Calgary-based Advanced ID is providing the UHF 915 MHz ISO 18000-6B passive RFID tags Goodyear embeds into the racing tires during manufacture. The company recently announced it had received its second purchase order from Goodyear, which plans to embed the RFID tags in all racing tires used in the 2007 NASCAR season. At some point next season, Roth notes, Goodyear will switch from the ISO 18000-6B inlays to ones compliant with the new ISO 18000-6C standard. Once again, Advanced ID will be the supplier. ISO 18000-6C matches the EPC UHF Gen 2 standard (see Gen 2 EPC Protocol Approved as ISO 18000-6C).

"We went through the basic learning curves," Roth recalls, in regard to establishing the distribution tracking system and the leasing program at the NASCAR events this season. "And every time we set up for a race, we're basically setting up a warehouse operation in the middle of a racetrack," where there are many different communication systems and other factors that can cause RF interference. Therefore, the Goodyear team must survey the RF activity in the area where it plans to set up its tire corral for each event, and ensure that the handheld interrogators its staff uses—Psion Teklogix's 7535 handheld computer with an RD7950 UHF RFID interrogator attachment—will operate properly. Roth notes that the Advanced ID tags inside the tires can generally be read from a distance as great as 18 to 32 inches.

At Goodyear's Akron, Ohio, headquarters, a machine embeds an inlay automatically into each NASCAR tire's sidewall during manufacture. As the tires come off the manufacturing line, interrogators collect each tag's unique ID (which Advanced ID pre-encodes to the tag) and send it to a database. There, it is stored and linked to the tire's date of manufacture and other product information. As the tires are taken to trucks headed for Goodyear's Charlotte, N.C., warehouse, interrogators installed at portals read the tags again and update the database to show the tires' movement. Later, as trucks at the warehouse are loaded with the roughly 2,500 tires needed for each race (each event in the three series generally spans two days), the tags are read again using portal readers, and the tracking software is updated with the race site to which the tires are headed.

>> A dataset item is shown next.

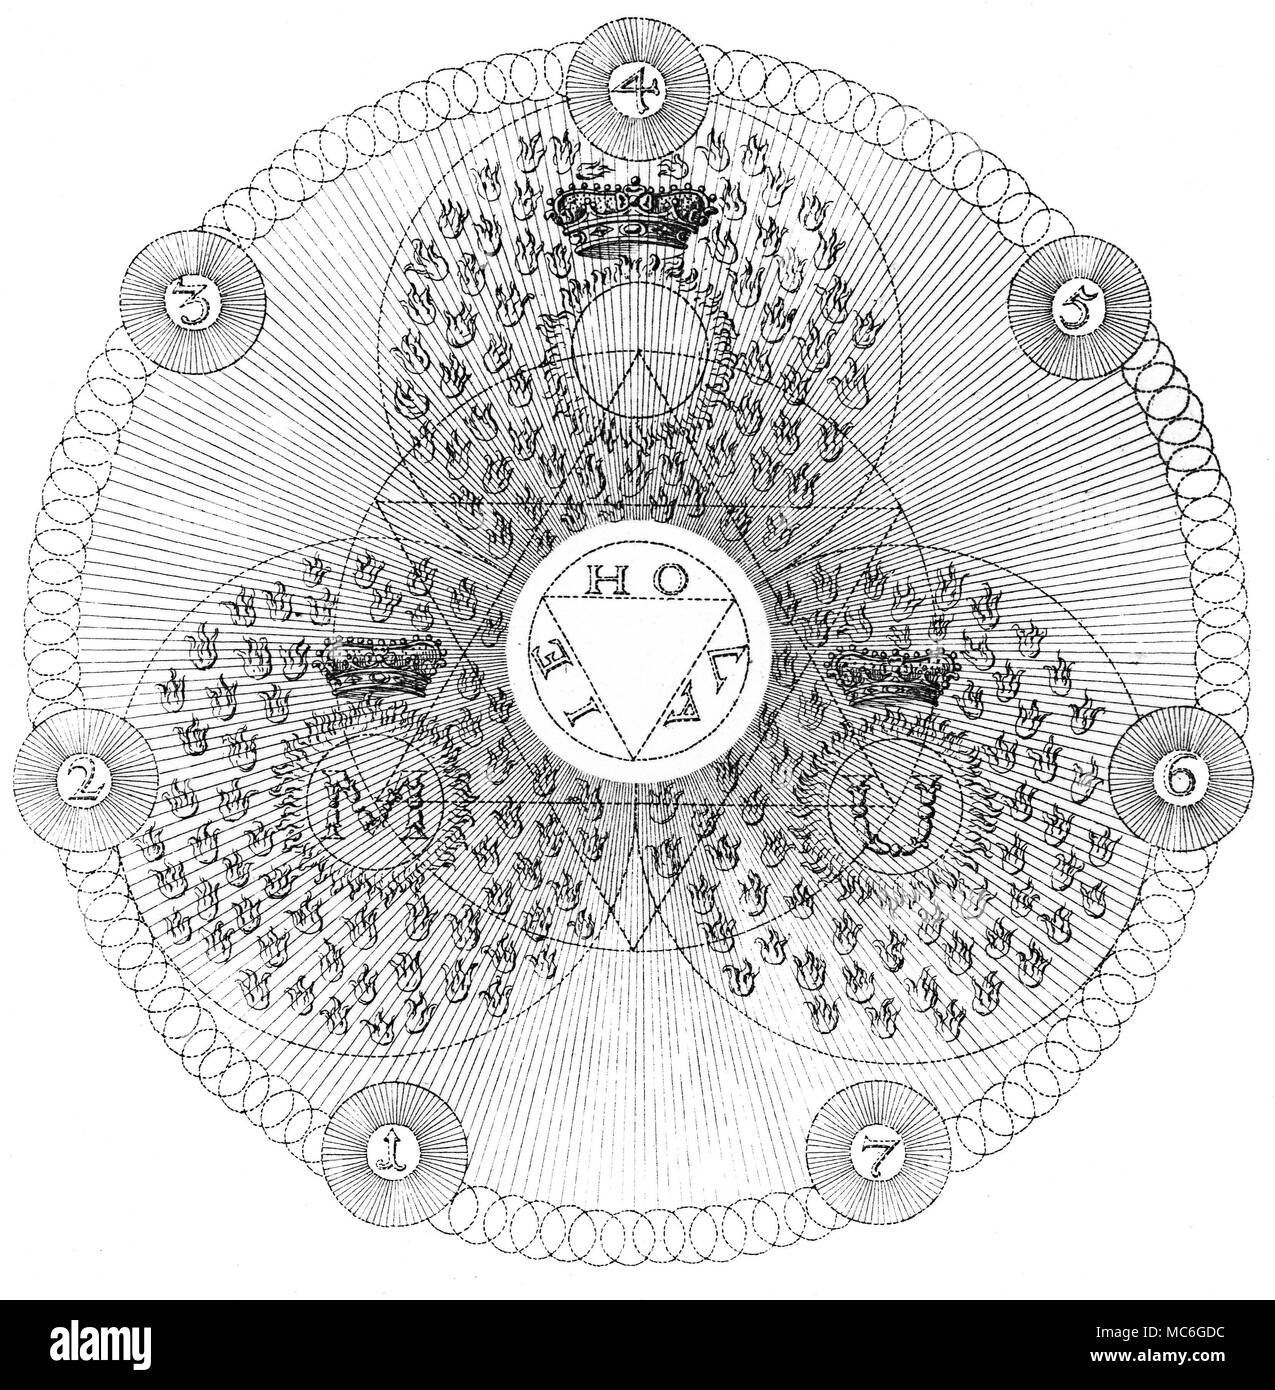 Symbole - Die okkulte Kunst - ROSENKREUZER Eine in einer Reihe von einflussreichen okkulte Gravuren von William, in der Erklärung der Grundsätze der arkanen Gedanken der Rosenkreuzer, Jakob Böhme, aus den Werken von Jakob Behmen, die Teutonischen Theosopher, Vol 1, 1764. Platte 5 ist eine grafische Entwicklung der vorherigen Platte, in der die äußeren Kreis (selbst aus einer Vielzahl von kleineren Kreise) umschließt die drei Kreise, dass der Ausdruck auf der materiellen Ebene der Gottheit, IEHOVA symbolisieren. Gott, er "Alle glorreichen Flammen des Feuers" ist ewig das Auffüllen des erstellt, Boehme ruft", Et Stockfoto

At the track, Goodyear personnel use the Psion handheld RFID-enabled computers to queue up a team name and read the tags embedded in that team's tire allotment. Each group of tires is then given to its respective team, which must use them during the upcoming race and return them all to the Goodyear personnel upon the event's conclusion. Tires used during the race are then read and later destroyed, whereas those not used are read and returned to inventory. Roth explains that the data collected on each tire during the onsite leasing process is then updated to the main database, which Goodyear created in-house. Psion worked with Akron software integration firm CTI to create an application program interface with the Goodyear software, linking the handhelds into the tire maker's platform.

In coming seasons, NASCAR might work with Goodyear to deploy other applications for the tags. NASCAR officials, for instance, may carry handheld readers to verify, just before a race starts, that only tagged Goodyear tires are on each car.

"What we learn from racing, we take out to other areas of our businesses," says Roth. "We are using [the RFID tracking] program as a model for the retail operations. This has been a tremendous learning experience." Specifically, Roth's team is learning how and where to establish reading points in its supply chain, and how to integrate RFID tag data with Goodyear's existing IT systems, such as enterprise resource planning and warehouse management software.